Она перестала смеяться и очень серьезно сказала:

– Тогда рассказывай.

Потому что поняла, что Джа подобрал слова.

И не ошиблась.

– Мне было двадцать лет, – медленно начал он, продолжая прижимать ладонь Ларисы к своей груди. – Впрочем, это не важно… Важно то, что все это случилось в ночь «Пасхального предупреждения». Помнишь ту историю?

– Первые серьезные беспорядки в Европе, – кивнула Лариса.

– В семнадцати странах, – подтвердил Джа. – Новые европейцы запретили праздновать Пасху в семнадцати странах. Христианство постепенно вымывалось из жизни: с гербов и монет исчезали символы, закрывались и сносились церкви, запрещалось упоминать христианство в учебниках… то есть о христианстве разрешалось рассказывать, но только плохое. Подчеркнуто плохое, целенаправленно выставляя христиан жестокими и подлыми людьми. Так продолжалось много лет, а апофеозом стало «Пасхальное предупреждение»: новые европейцы сказали, что не гарантируют безопасности тем, кто соберется праздновать Пасху.

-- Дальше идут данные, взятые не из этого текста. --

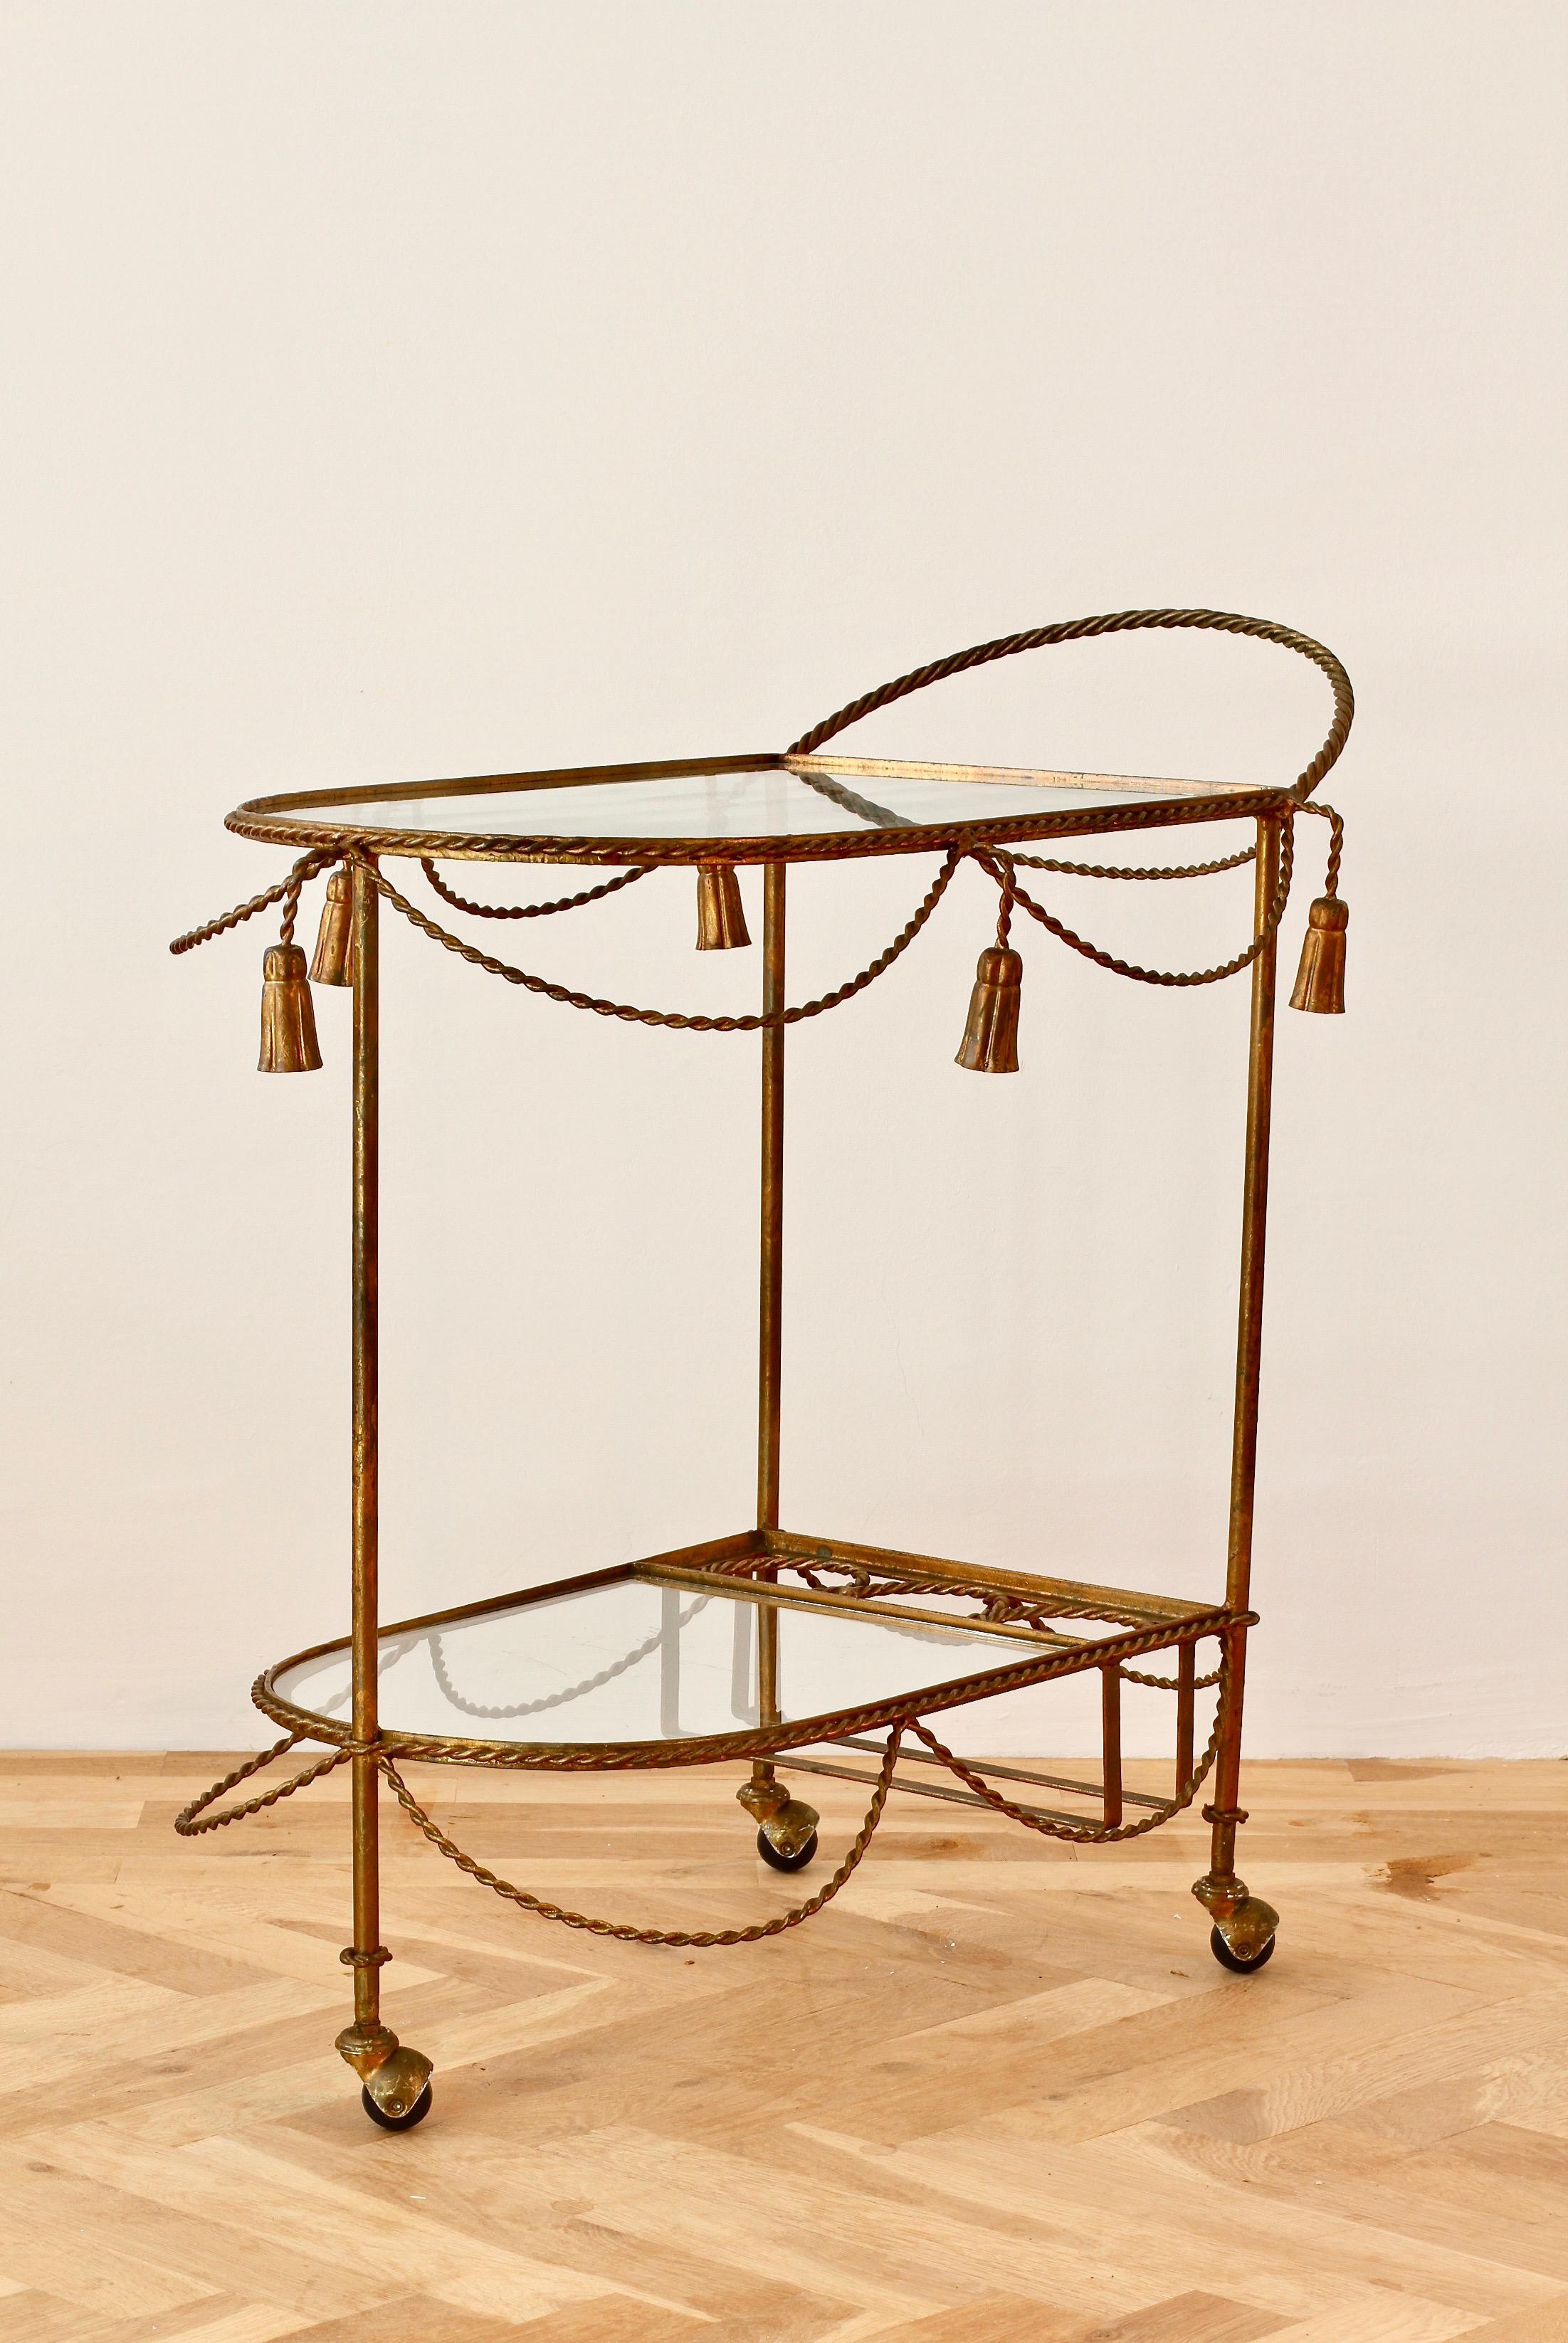 Vintage midcentury Italian Hollywood Regency bar cart / drinks trolley attributed to Li Puma Firenze, Italy circa 1950s. Made of gilt / gilded metal with beautiful twisted gold coloured rope and tassel details. Two glass shelves and integrated

В смысле, обещают неприятности. А полиция самоустранилась, поскольку «явных угроз жизни и здоровью граждан» в обращении не было.

– Ты пошел к храму, – догадалась Лариса.

– Разумеется.

– Зачем?

На этот вопрос Джа не ответил, не видел смысла объяснять очевидное.

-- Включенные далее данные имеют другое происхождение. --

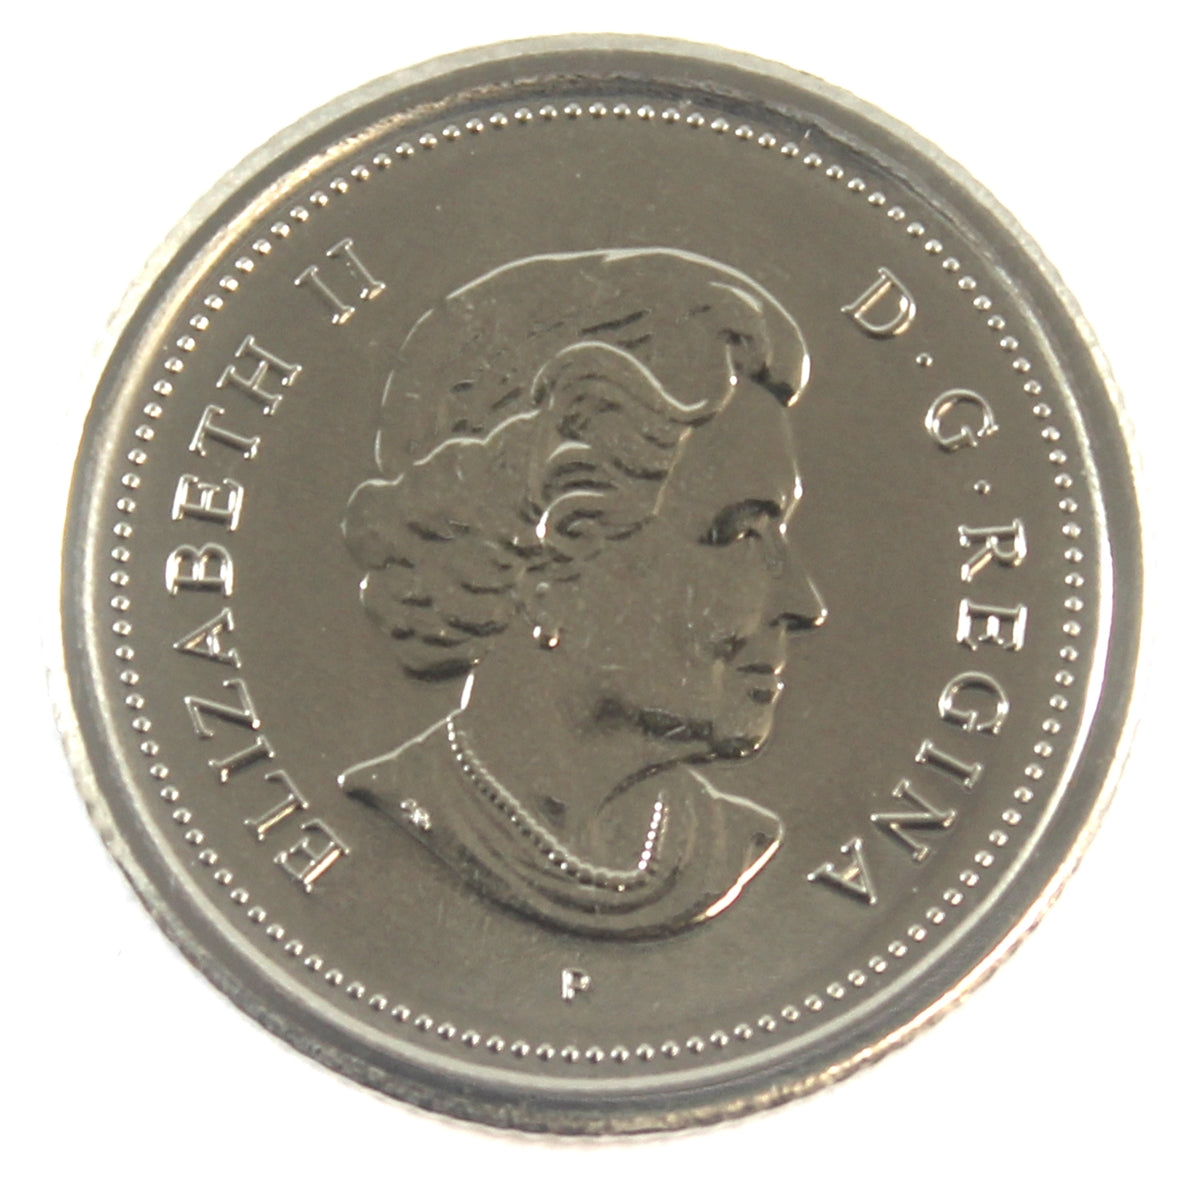 2004P Canada 10-cent Proof Like

– Нас собралось немного, в основном старики. Я мог бы сказать, что пришли те, кому Пасха была действительно важна, но это было бы неправдой. Несмотря на гонения, верующих в Европе оставалось много, но у храмов собрались те, кто не испугался. Нас оказалось мало, а их – толпа. Среди нас было много стариков, а враждебная толпа состояла из боевиков и безжалостного молодняка. У нас не было и шанса. – Голос Винчи дрогнул. – Тебе интересно, что было потом?

Очень долго, почти минуту, Лариса смотрела Джехути в глаза, а после молча кивнула.

– Меня распяли около подожженной церкви.

– Боже… – у нее расширились глаза.

– Сказали, что я похож на Иисуса. Смеялись. Заставили стариков встать на колени и смотреть, как меня прибивают к кресту. Крест приготовили заранее – видимо, таков был план. Священнику велели прочитать молитву, когда он закончил, сказали, что пора снимать святого… И отрубили мне руки.

– Боже… И после этого ты… – Винчи почувствовал, что ладонь, накрывающая черный крест на его груди, задрожала. – Ты уверовал?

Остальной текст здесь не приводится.